Please Help Me Before It's July!

tabray

Hatching
11 Years
Jan 2, 2009
4
0
7
Hello Everyone!

I'm currently trying to design my chicken house for this spring. My eyeballs hurt and my head is spinning - just when I think I have things worked out, I foresee another problem or question. I live in western Wisconsin where the weather ranges from Arctic cold and snow to Death Valley dry and hot, and everything in between. I'm planning on meat birds (probably Cornish cross or something commercial) and purebred pullets for my laying flock. My idea is to divide a 10x10 foot single house with a fixed wall (allowing for no more than a dozen birds on either side). I'd raise pullets on one side and meat birds on the other. The meat bird side could be further divided in half with a removeable barrier, for isolation or when I simultaneosly get replacement pullets and meat birds. When only one flock is in residence, pop holes in the fixed wall would give them the entire run of the house. I want to have four quadrants of range corresponding with four pop holes on the exterior of the house, so that I can funnel the birds onto one patch of range at a time. The difficulty I'm having is the fence.

We have foxes, coyotes, neighbor's rowdy hunting dogs, bears(!), etc. etc. I'd like to do the electric netting, but it does not work in winter (This is straight from Premier fence. They said it won't hold up in snow, and also the snow provides too much insulation and ground). A fixed perimeter fence all the way around, broken into quadrants (with gates allowing ME to get in and out) seems like it might be too expensive, and I really would like the the option of zapping predators during other seasons. I thought about doing a fixedperimeter fence on the laying side only, and just doing electric netting on the meat side. But how to close the gap between the two? I can't put the netting on the fixed fence or it would short out.

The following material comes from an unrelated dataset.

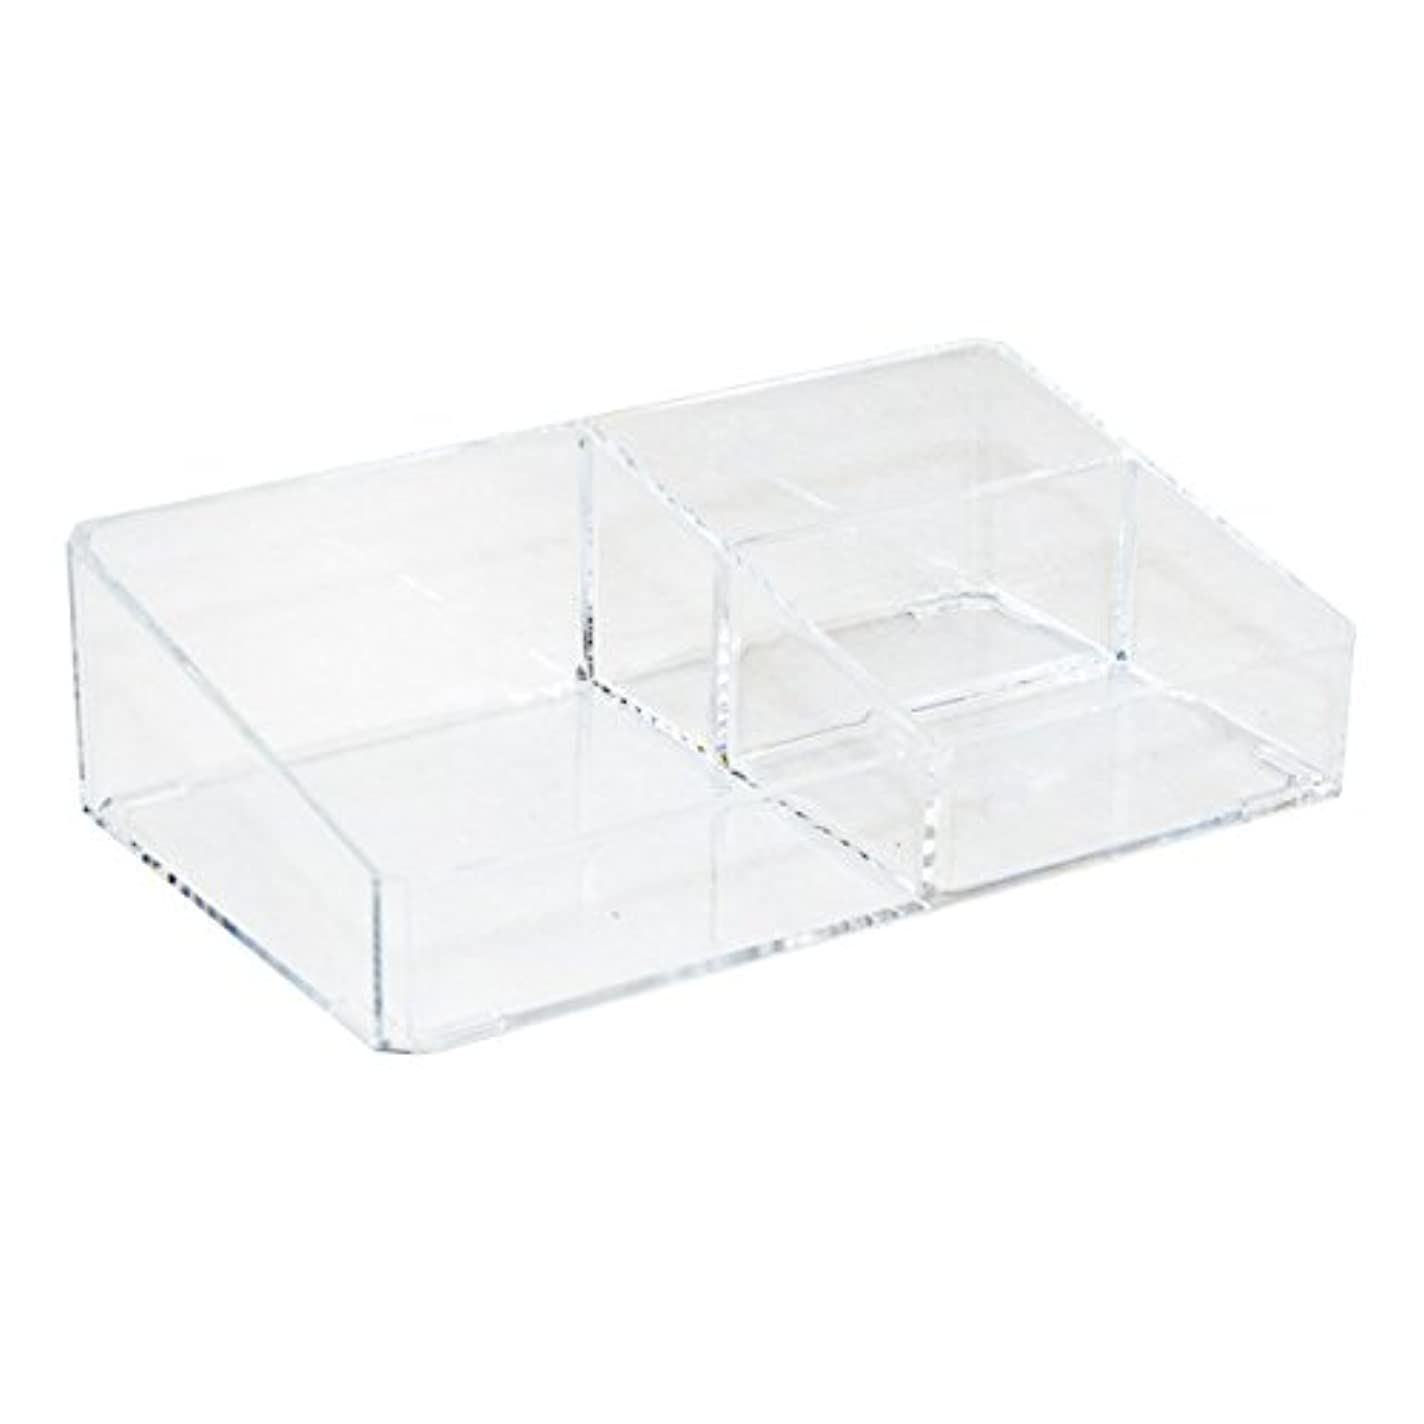 さらにハチグレートオークアクリルケース 収納ケース コスメボックス Mサイズ スタンドラック 小物 化粧品 アクセサリー_87256
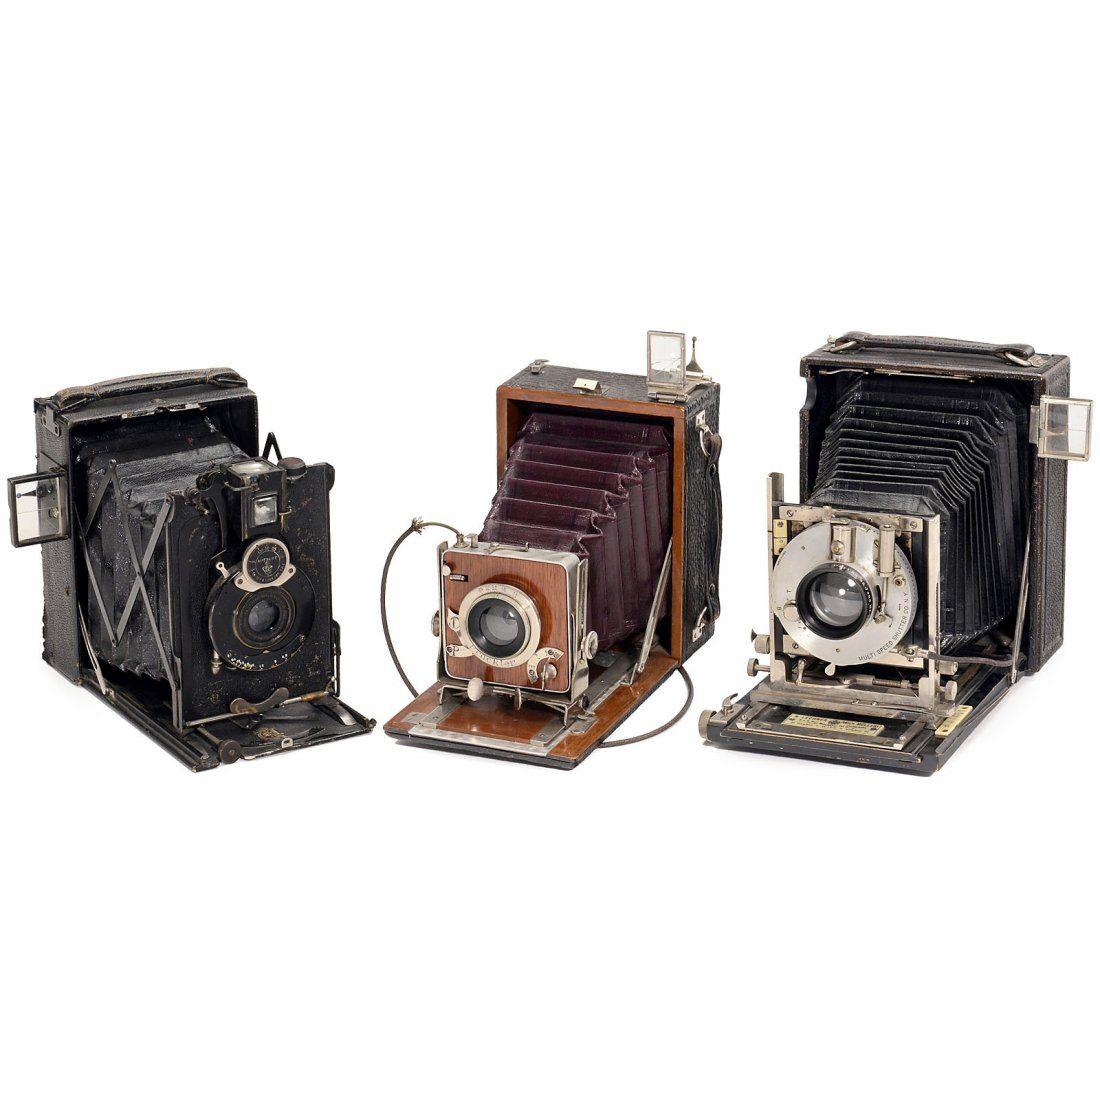 3 Rare Folding Plate Cameras (9 x 12 cm) 1) France

All of this agonizing is because of my belief that I'm not supposed to let the chickens be on any one piece of ground too long (built up disease/ pathogens in the soil, dirt yards and the corresponding dust or mud and dirty eggs, etc.). What do you think? Can some of you with fixed runs tell me how you manage? I don't think the tractor idea works for us because the chickens have to over winter (definitely need insulation) and I'm also afraid of predation in a tractor-type situation.

Please help, or once again we will be grilling frozen chicken breasts from the grocery store for the 4th of July!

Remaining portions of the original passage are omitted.